Introduction to Data Science
Course Composition and Objectives
- Upon completion of the course, you should be able to gain first-hand experiences about a mini data science project. More specifically, you will:
- Be able to design an exploratory data science project using Tweets and assess its feasibility (using visualization tools).
- Be able to use Twitter API to gather tweets of interest for the project
- Be able to use a tool (Weka) to analyze twitter data
- Be able to use tools to visualize data and the models they generate
- Be able to generate a decision-tree predictive model for classifying tweets automatically using a tool (Weka)
- Be able to generate a probabilistic predictive model for classifying tweets automatically using a tool (Weka)
- Be able to evaluate and compare the performance of predictive models
- You will be able to understand and apply the following concepts related to exploratory data analysis:
- R – Representation
- I – Induction
- S – Search
- E – Evaluation
- You should also be able to gain a conceptual understanding about some of the real-world applications such as:
- The “Beer and Diaper” data mining story– The Discovery of Customer Purchase Patterns(The discovery of frequent association; exploratory data project; human behavior; conditional probability)
- Amazon product recommendation based on reviews of others. (Similarity Measure; Collaborative Filtering; Recommendation Systems)
- Google’s pre-processing of Web pages for Its Search Engine
- Social Media analytics
- Examples of data science applications in specific domains (e.g., health, social, security, life science).
- Instructors Choice: Instructors may choose topics and learning objectives that meet the spirit of the course as defined here. Instructors may choose to devote more time to the learning objectives listed above or to add additional, complimentary objectives. Supplementary material and objectives should not overlap with the defined content of other courses in the curriculum.
Course Description
This course aims to achieve three goals:
- It will provide you with hands-on experiences about a data science project, which will enable you to extract meaningful information (relevant to a question/hypothesis of interests to you) from a large twitter dataset you gather.

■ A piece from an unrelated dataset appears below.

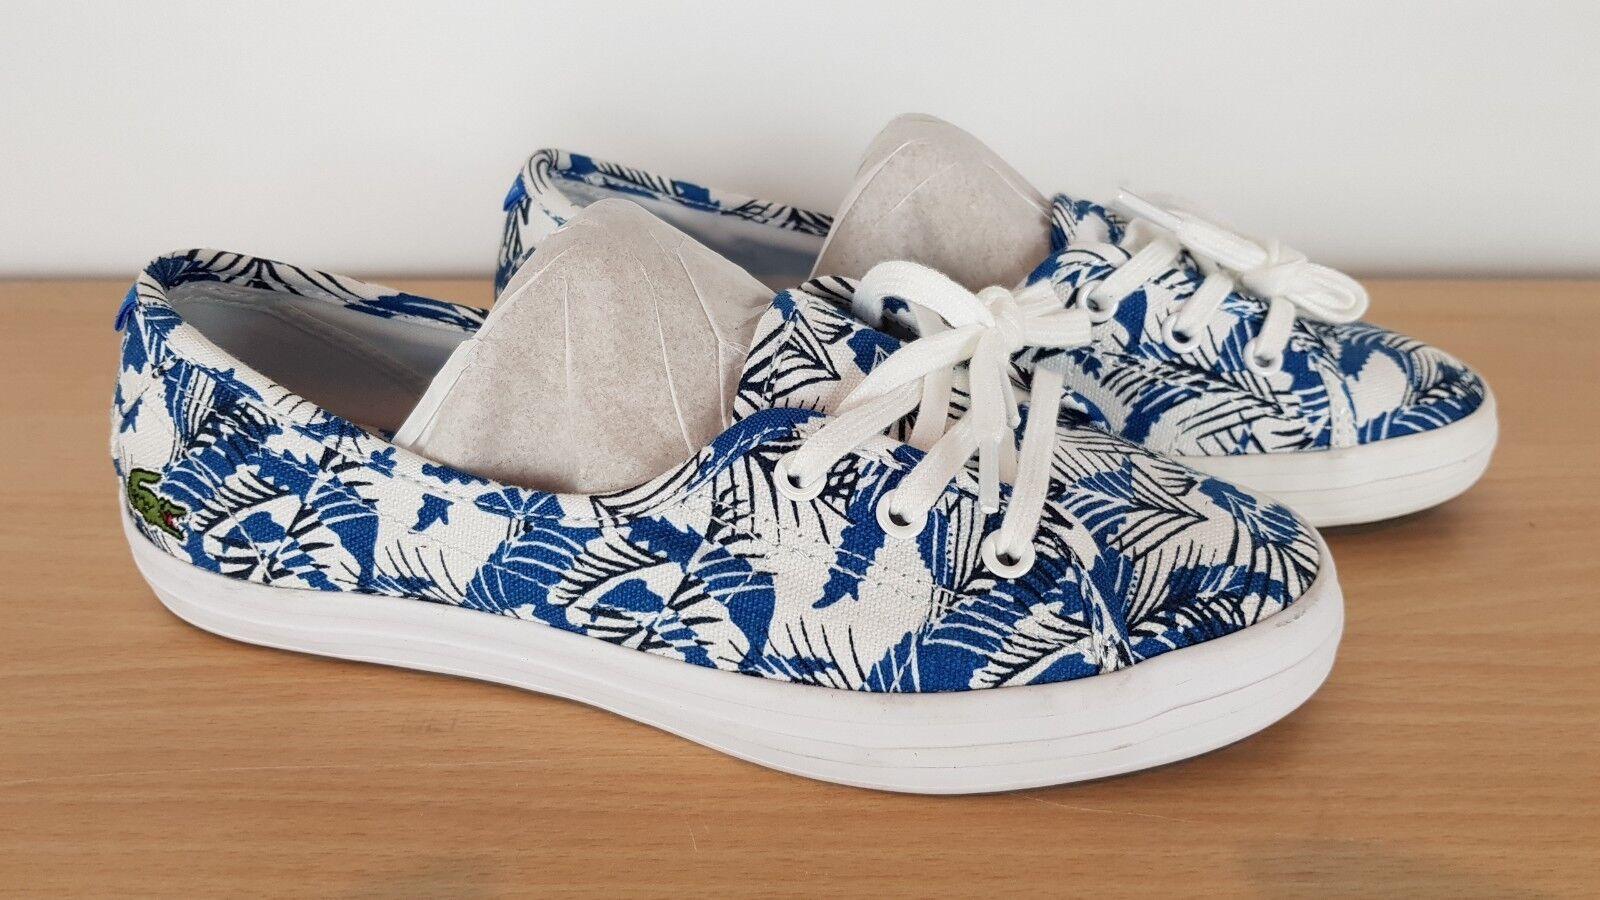 Lacoste Ladies Ziane Chunky Fun bluee Black Canvas Flats Pumps shoes, UK 4 EU 37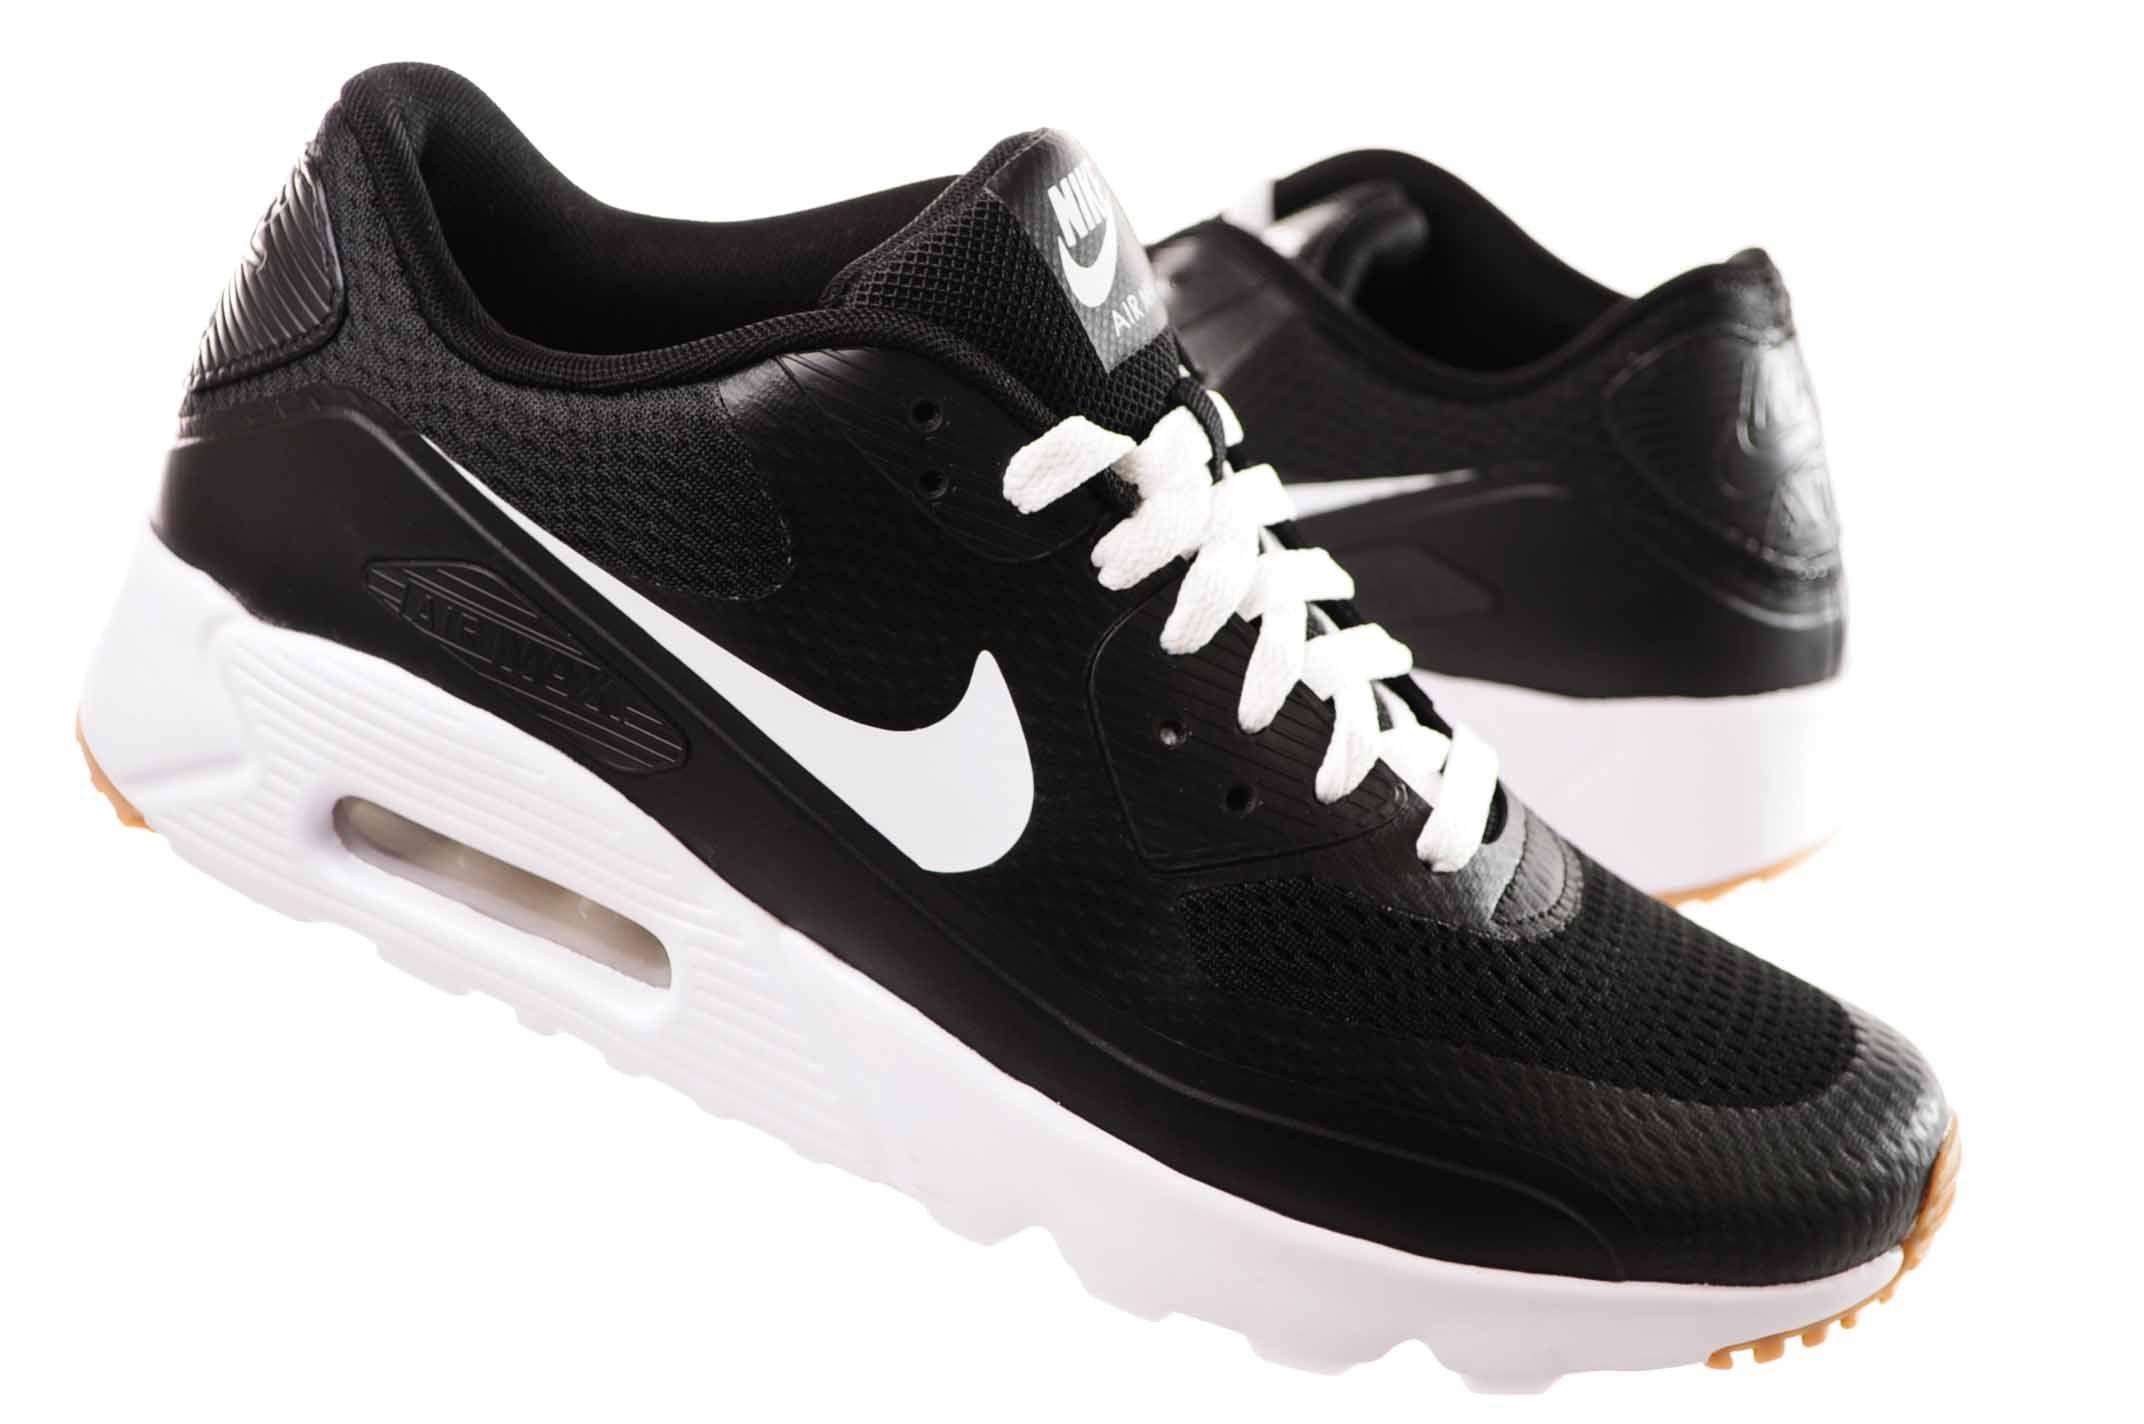 Nike Air Max 90 Ultra Essential Buty Męskie 42 6899275370

- You will learn four key concepts regarding predictive modeling and exploratory data analysis: Representation, Induction, Simplification, and Evaluation (RISE). This understanding will provide you a framework for relating theories (e.g., logic, probability) to practical methods using these theories (e.g., decision-tree induction, Naives Bayes induction), and their applications to data sciences, and to your data science project in particular.
- You will learn the broader landscape of Data Sciences:
- What global trends make Data Sciences important for our society?
- What are the “types” of data science projects and how, together, they form the journey of a data science initiative?
- What is the role of visual analytics in Data Sciences?
- What are the foundations of Data Sciences for innovating solutions for analyzing massive datasets?
- What should a Data Scientist know about data ethics?
- What is the role of domain-specific knowledge in Data Science projects?
While we may only be “touching the surface” of these topics, they will be addressed and elaborated in other courses throughout your Data Science education experience at Penn State. Together, I hope these goals help to guide you as you start this exciting journey of becoming the “Next Generation Data Scientists”.